Output everything in the data exactly, leaving the pictures out.

Dataset excerpt:
========================================
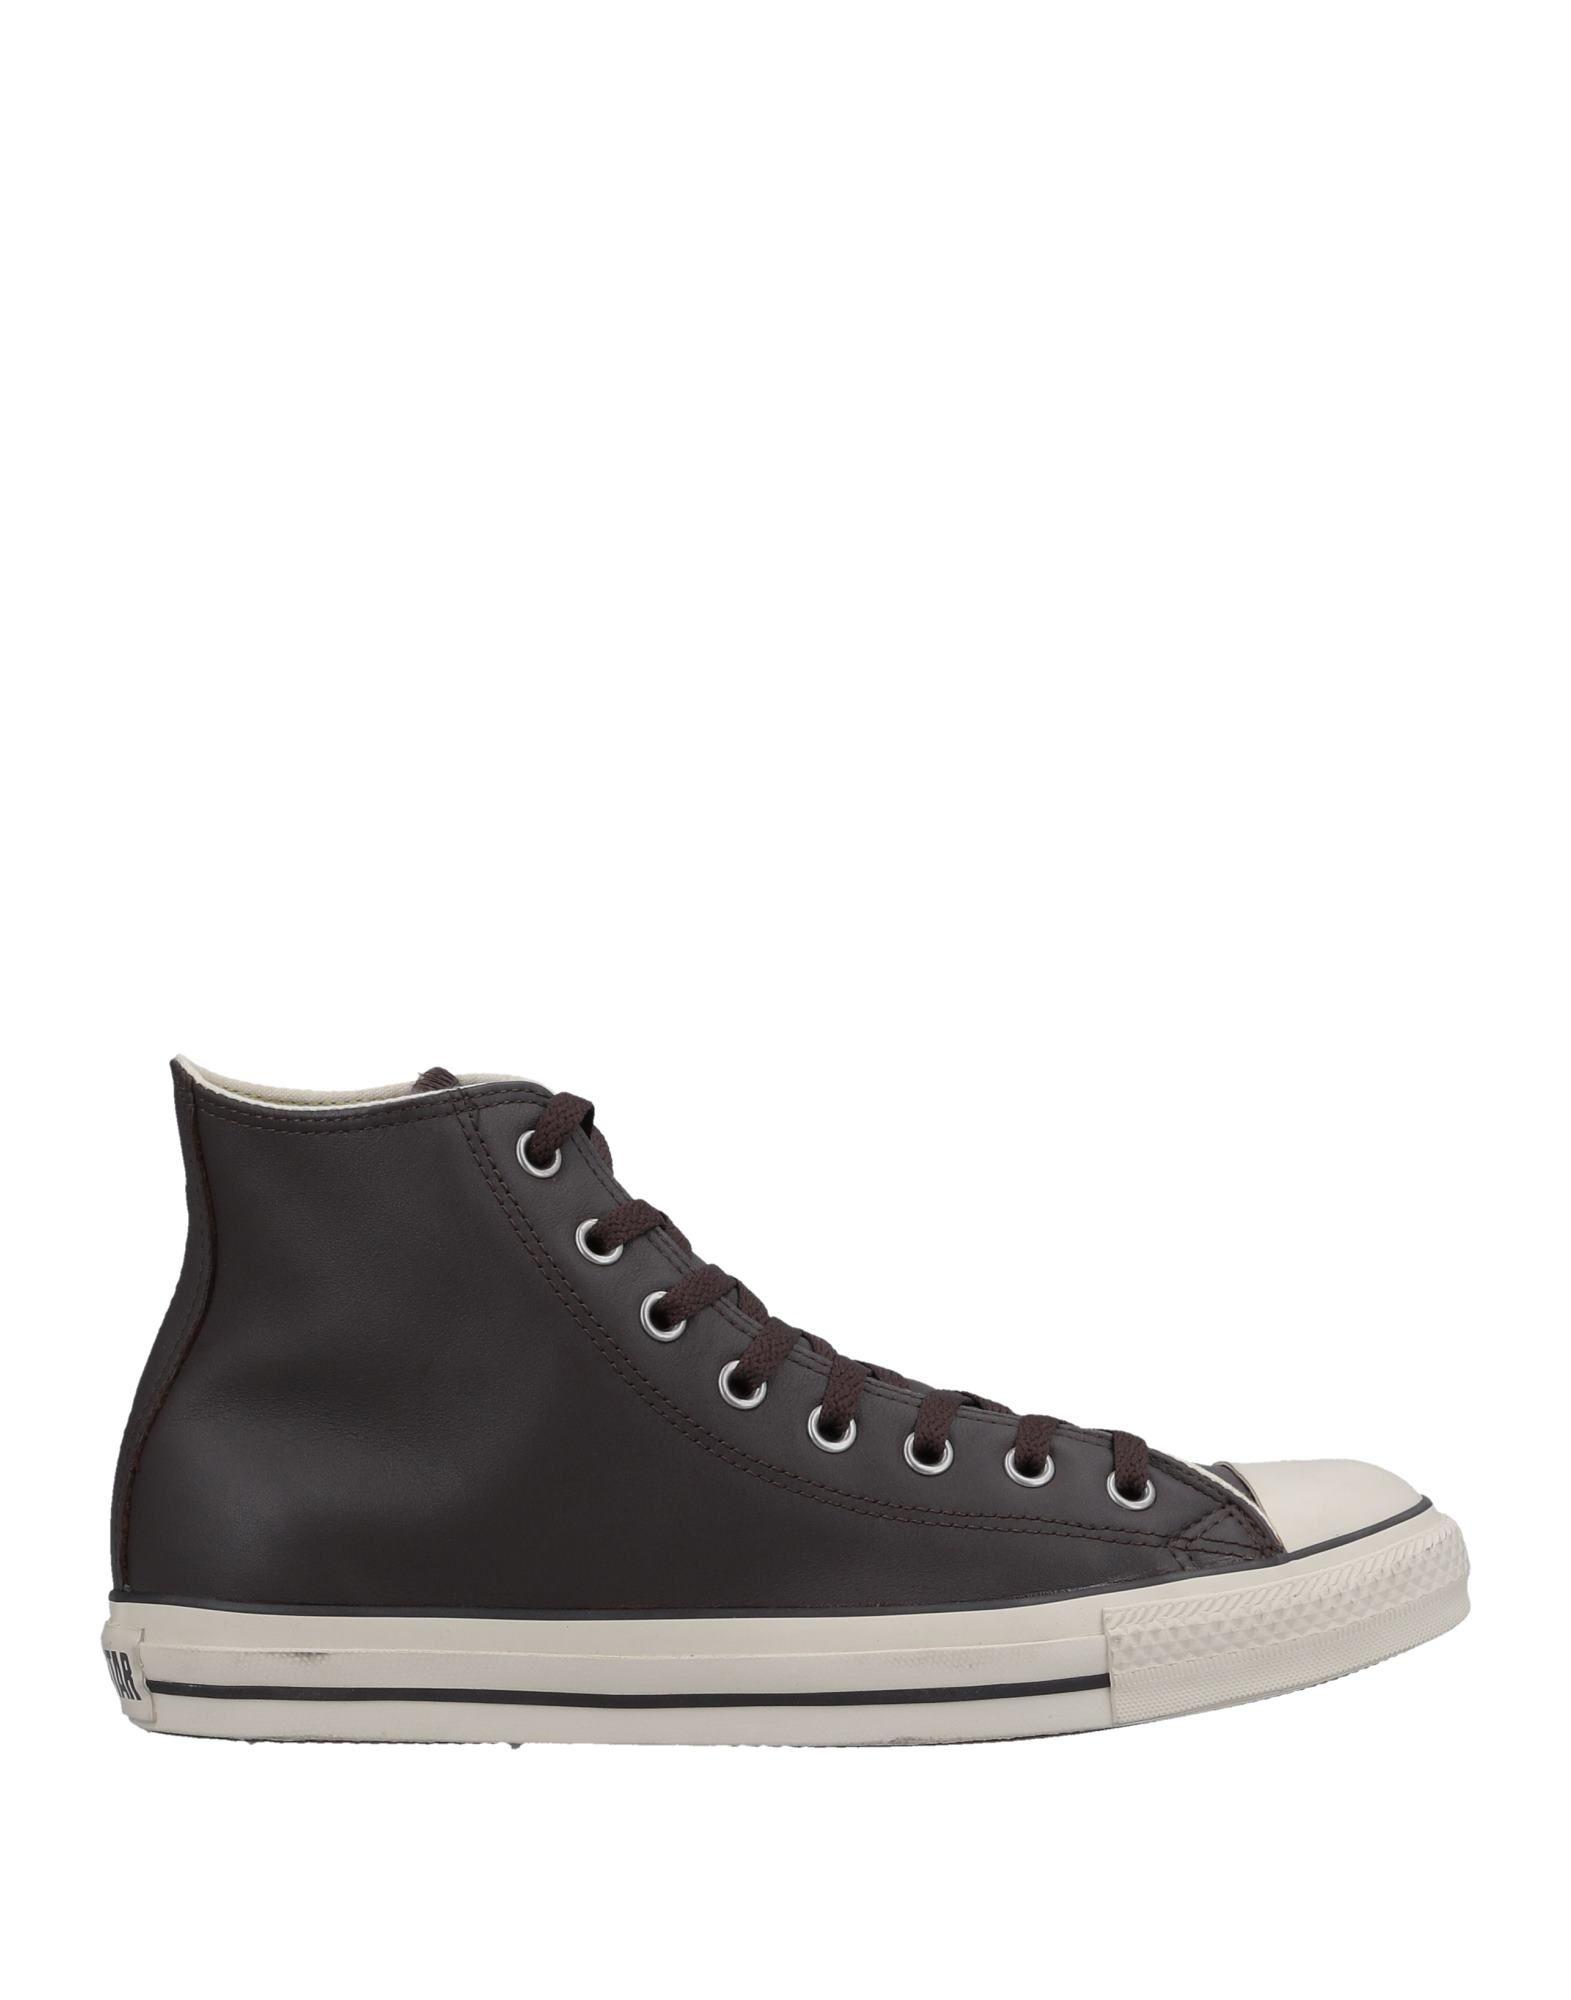 Converse All Star Sneakers Herren  11509964OD Neue Schuhe
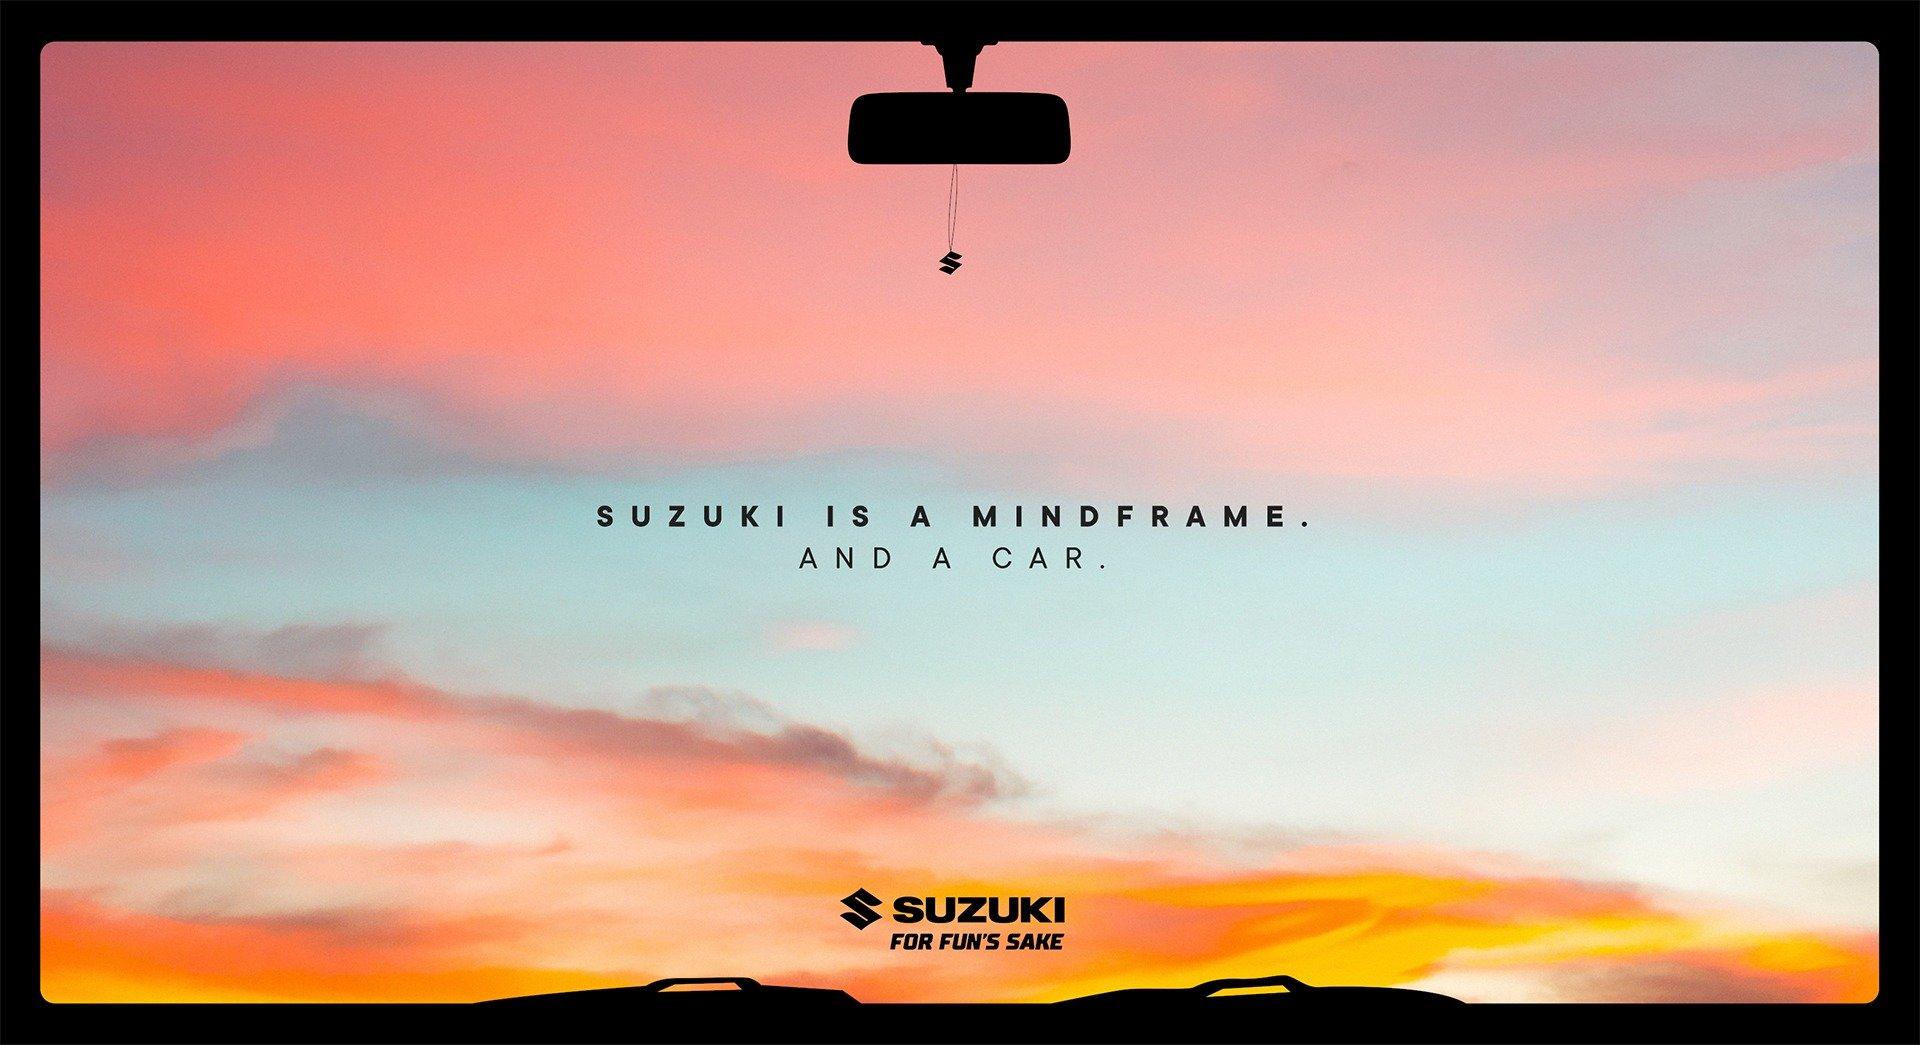 suzuki-mandurah-mindframe
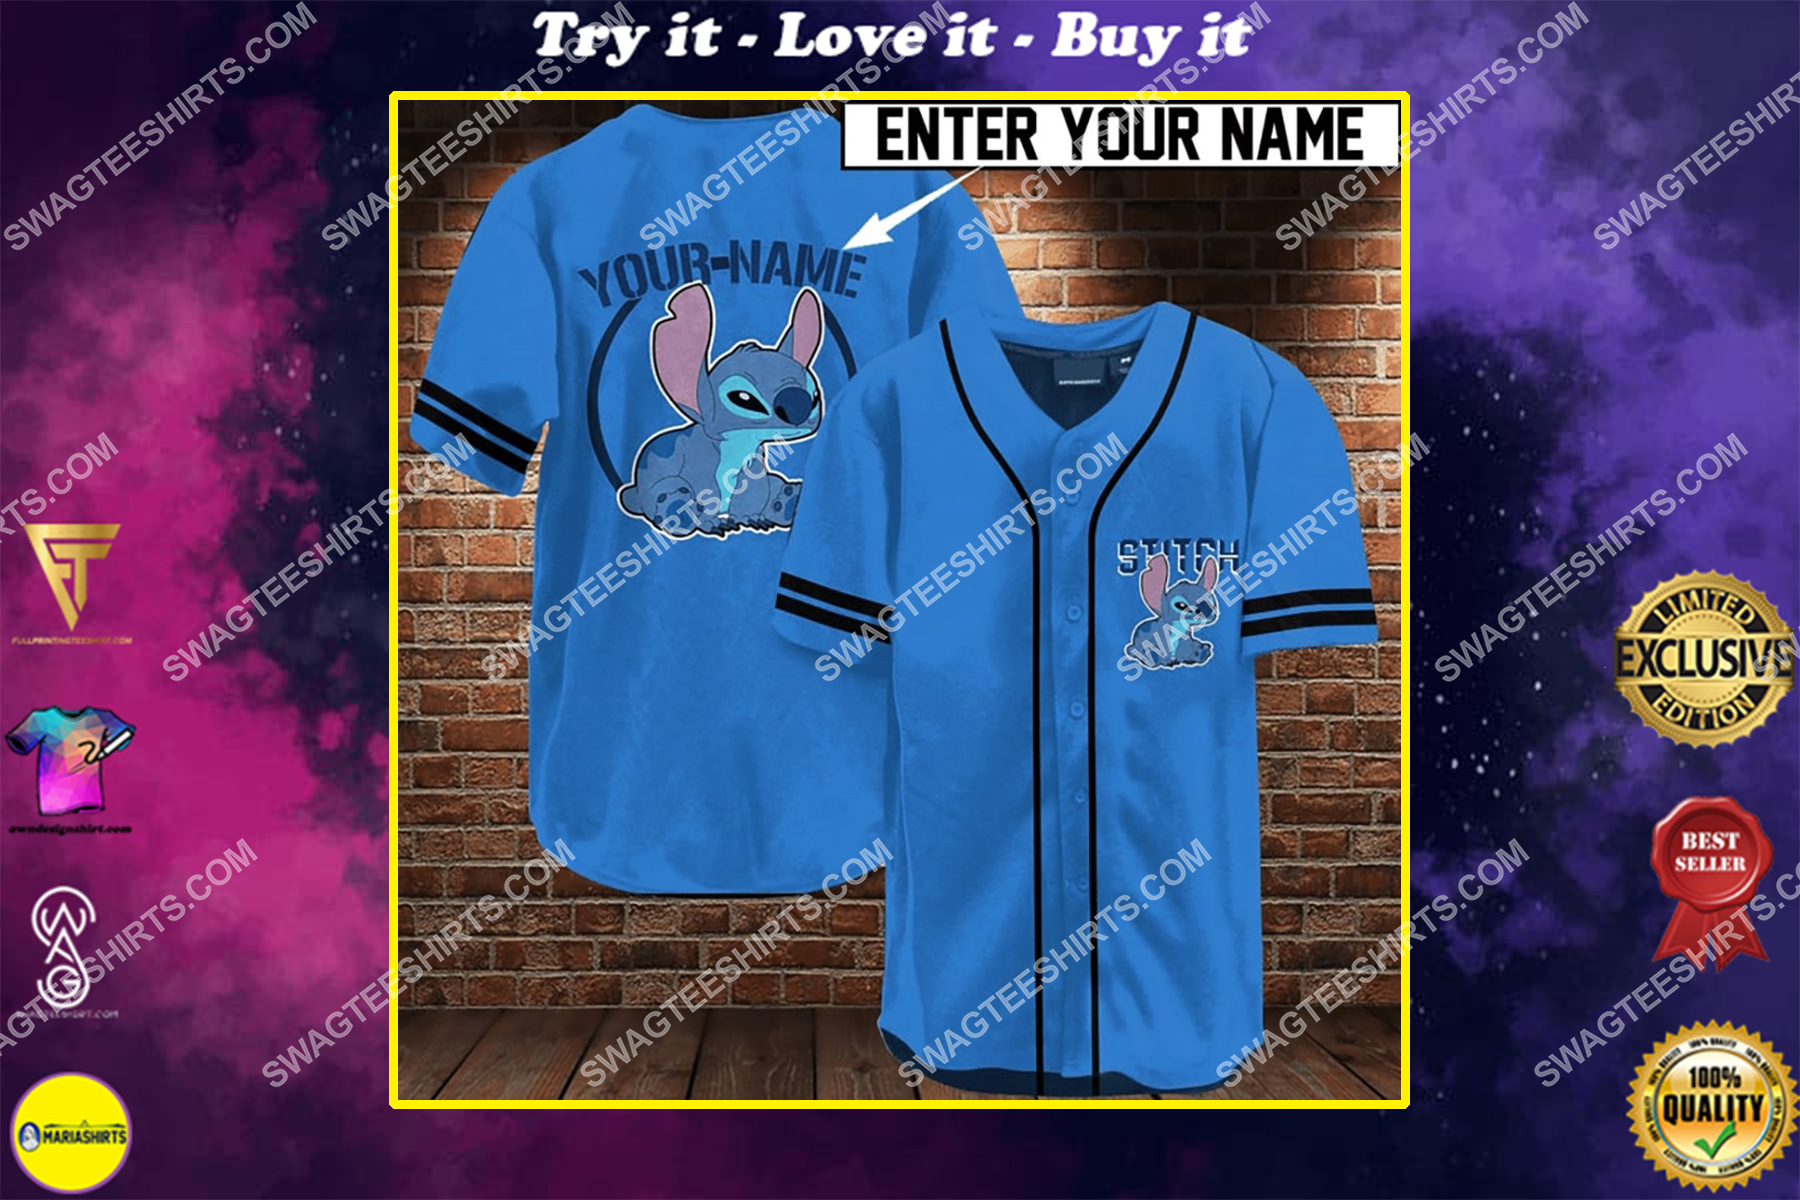 custom name stitch full printing baseball shirt
========================================
Problem solution:
 Converse All Star Sneakers Herren  11509964OD Neue Schuhe
 suzuki-mandurah-mindframe
 custom name stitch full printing baseball shirt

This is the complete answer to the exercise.